:: Exercise aim ::
Any picture in the data below should be skipped, while every line is repeated exactly.

:: Data extract ::
==============================

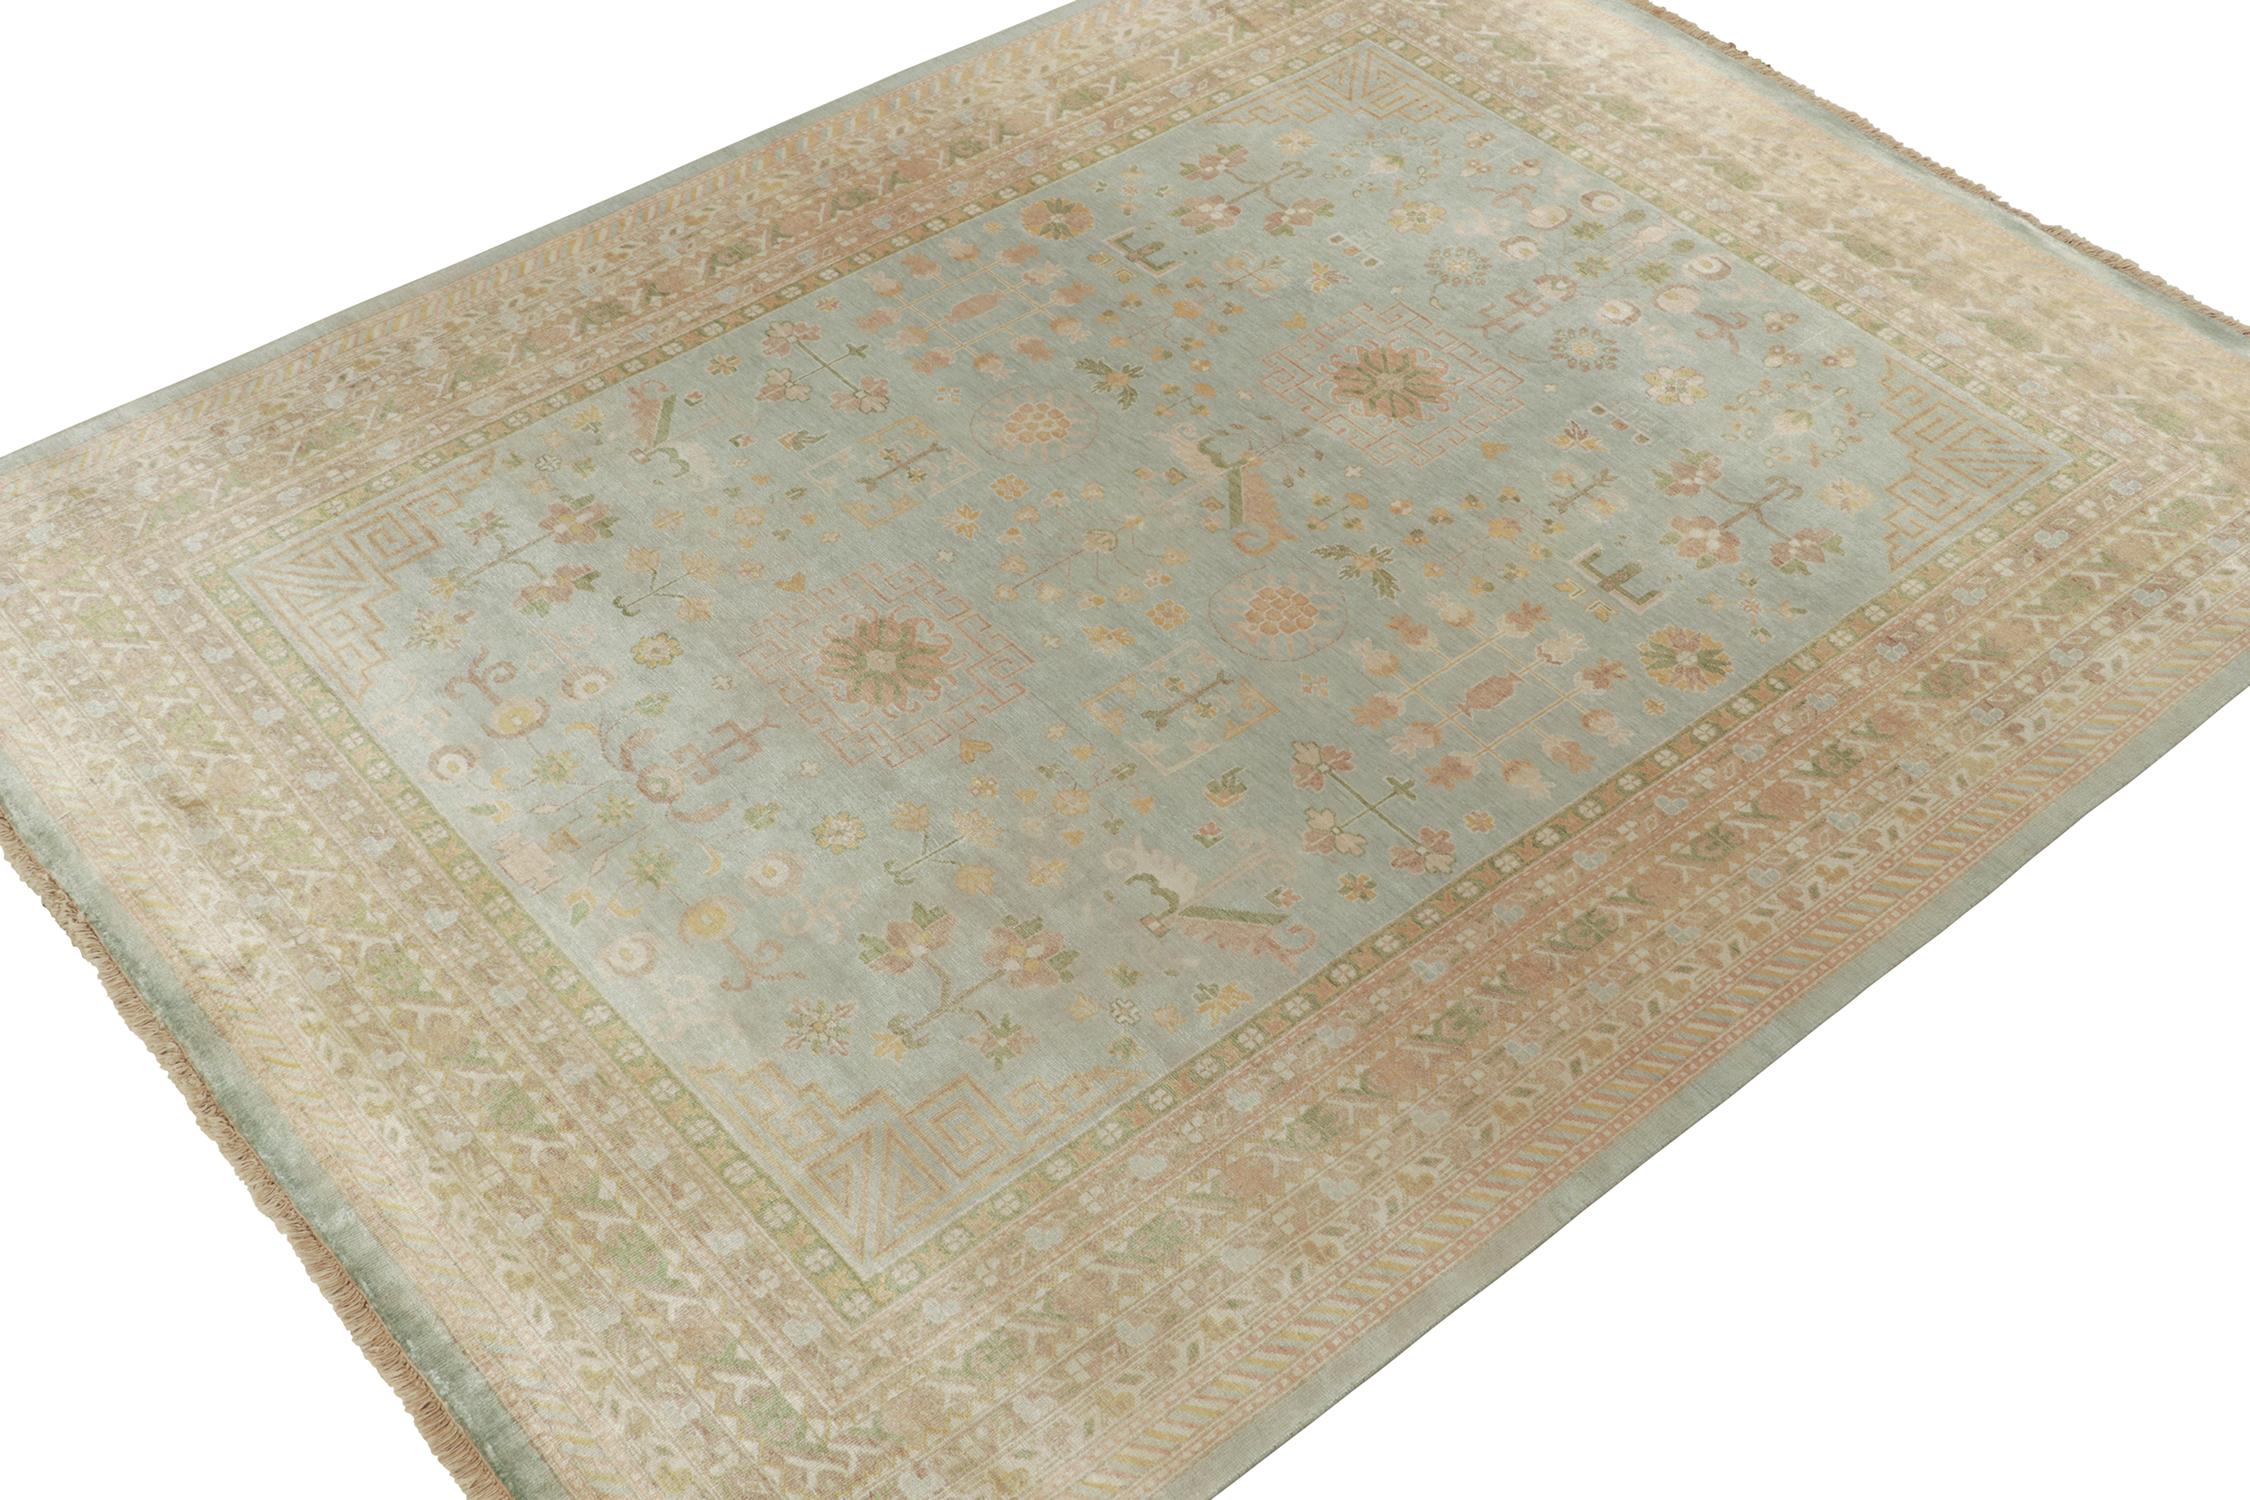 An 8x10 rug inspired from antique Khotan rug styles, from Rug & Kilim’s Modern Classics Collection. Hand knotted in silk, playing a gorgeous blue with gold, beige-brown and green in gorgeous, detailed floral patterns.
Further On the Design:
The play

==============================

:: Answer box ::
 An 8x10 rug inspired from antique Khotan rug styles, from Rug & Kilim’s Modern Classics Collection. Hand knotted in silk, playing a gorgeous blue with gold, beige-brown and green in gorgeous, detailed floral patterns.
Further On the Design:
The play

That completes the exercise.